Roasted chicken breasts - five-spice glaze
4 Servings
Ingredients
Quantity | Ingredient | |
---|---|---|
1 | small | Shallot, peeled and minced |
1 | medium | Garlic Clove, peeled |
And minced | ||
1 | tablespoon | Plus 2 ts Brown Sugar |
¾ | teaspoon | Five-Spice Powder |
1½ | teaspoon | Sesame Oil |
1¼ | teaspoon | Vegetable Oil |
1 | tablespoon | Plus 2 ts Fish Sauce |
4 | Chicken Breasts, skinless, | |
On bone | ||
1 | tablespoon | Lime Juice |
4 | Lime Wedges |
Directions
Combine the shallot, garlic, brown sugar, five-spice powder, sesame oil, vegetable oil and fish sauce. Spread about half of the mixture on the chicken and marinate 30 minutes at room temperature, or refrigerate for longer marination, up to 24 hours.

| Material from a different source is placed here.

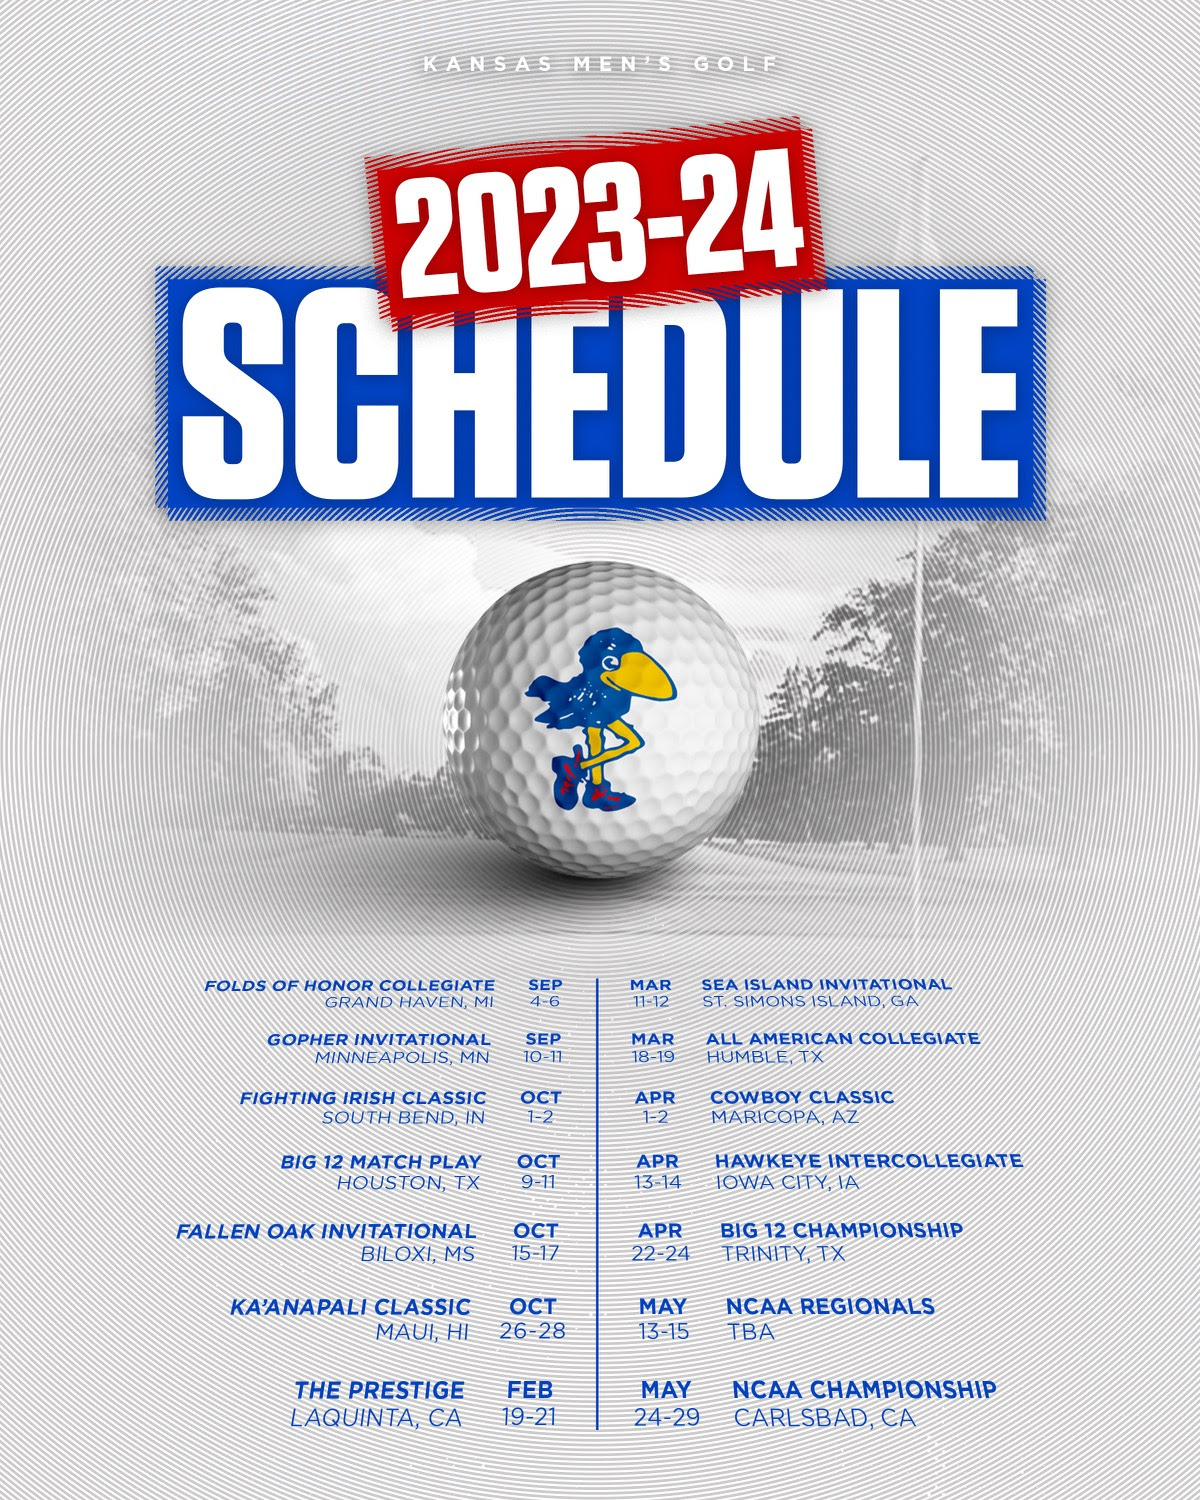 St. Louis Blues release 2023-24 schedule

Place the chicken on a rack in a roasting pan. Bake in a preheated, 350-degree oven 15 minutes.
Stir the lime juice into the remaining five-spice mixture. Spoon over the chicken and continue baking 15-20 minutes, until the chicken tests done.
Let each person squeeze lime juice over the chicken.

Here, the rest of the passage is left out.